RECORDED INFORMATION:
+++++

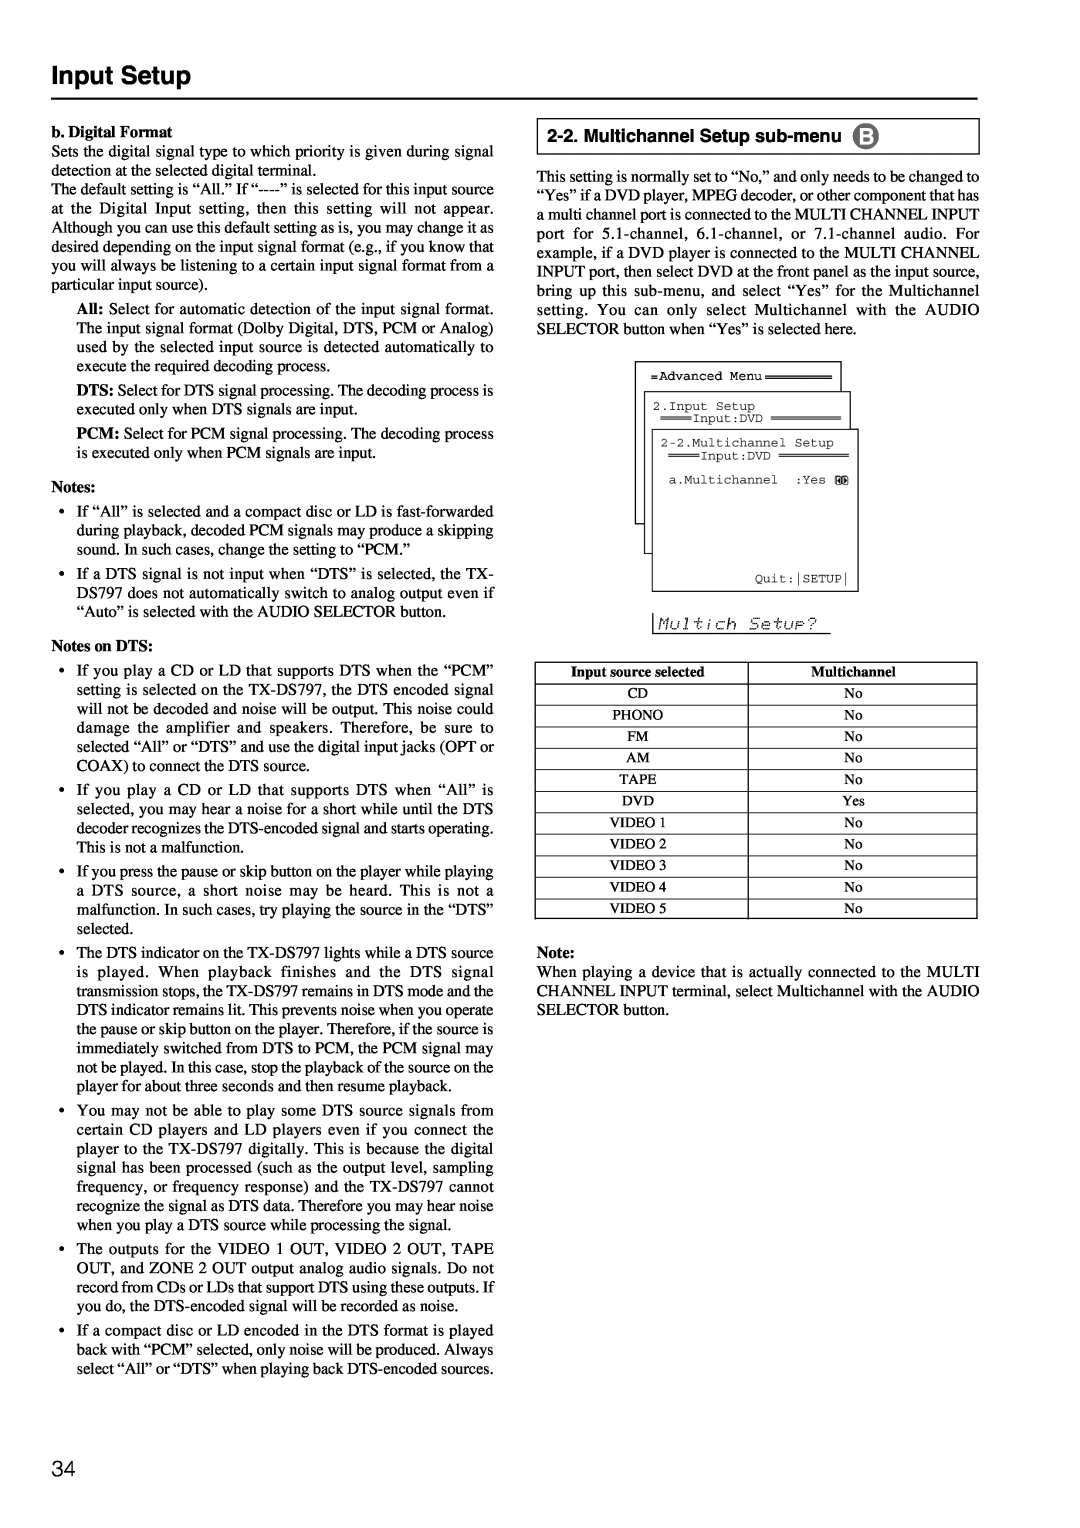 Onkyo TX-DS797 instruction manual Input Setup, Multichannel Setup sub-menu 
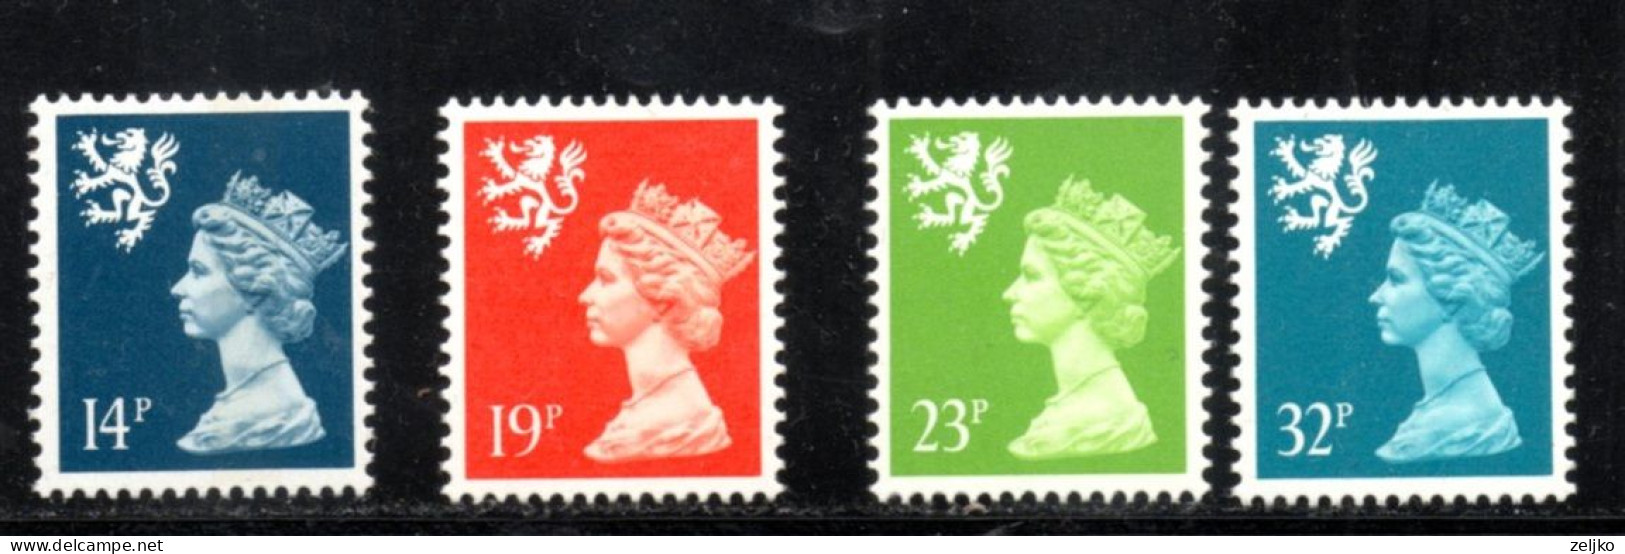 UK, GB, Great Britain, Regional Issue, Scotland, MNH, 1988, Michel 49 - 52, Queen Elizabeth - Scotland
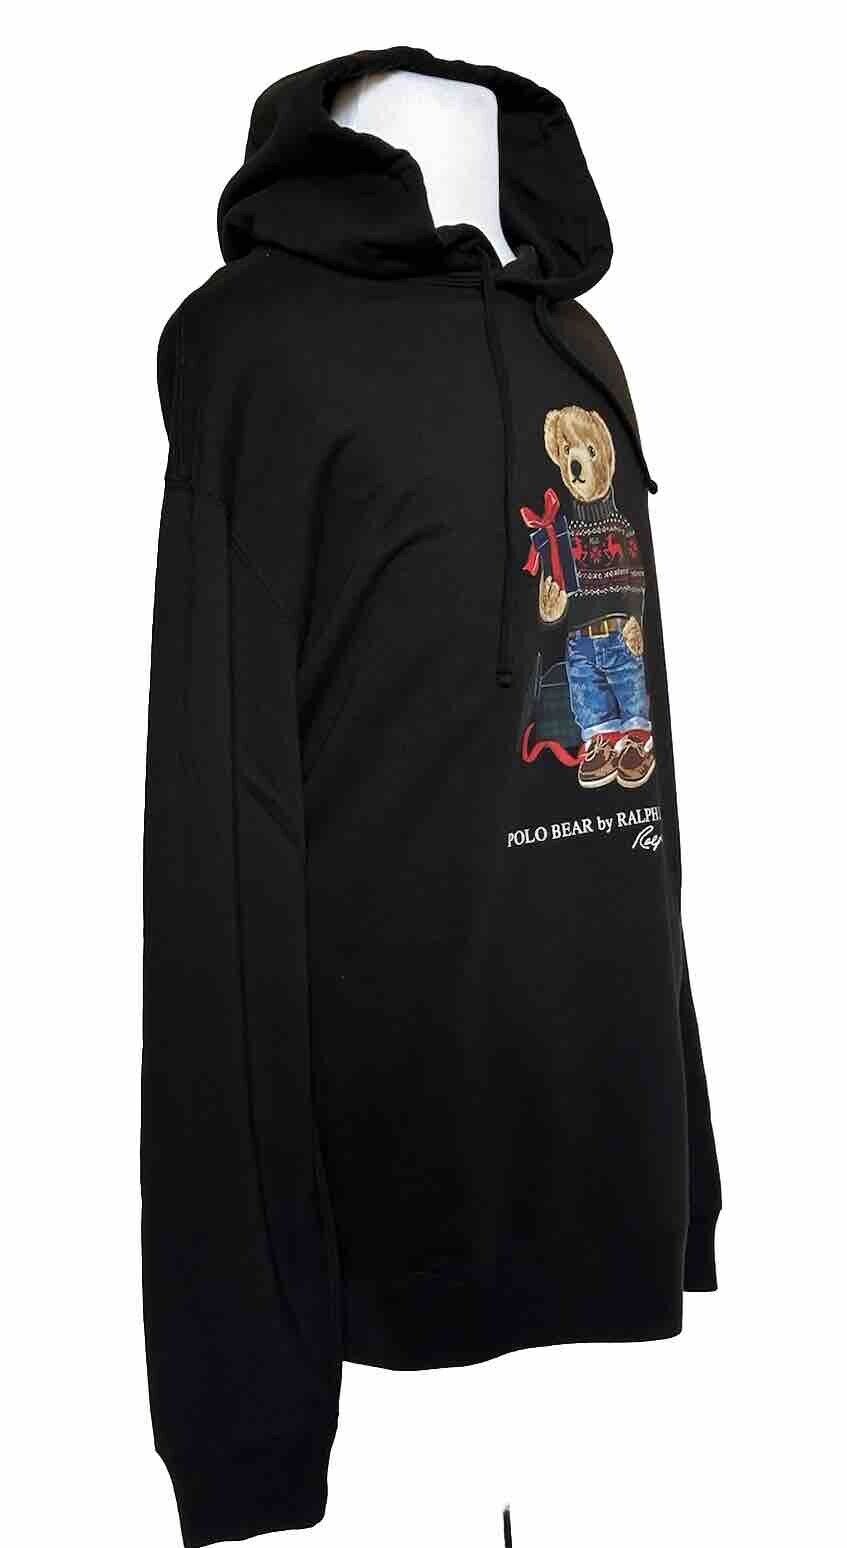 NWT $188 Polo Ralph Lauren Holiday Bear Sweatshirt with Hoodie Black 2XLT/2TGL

+++++

Exact repetition is required for the lines from the first one in the listing through the one that holds "UK, GB, Great", and pictures are to be omitted.

 Onkyo TX-DS797 instruction manual Input Setup, Multichannel Setup sub-menu 
 UK, GB, Great Britain, Regional Issue, Scotland, MNH, 1988, Michel 49 - 52, Queen Elizabeth - Scotland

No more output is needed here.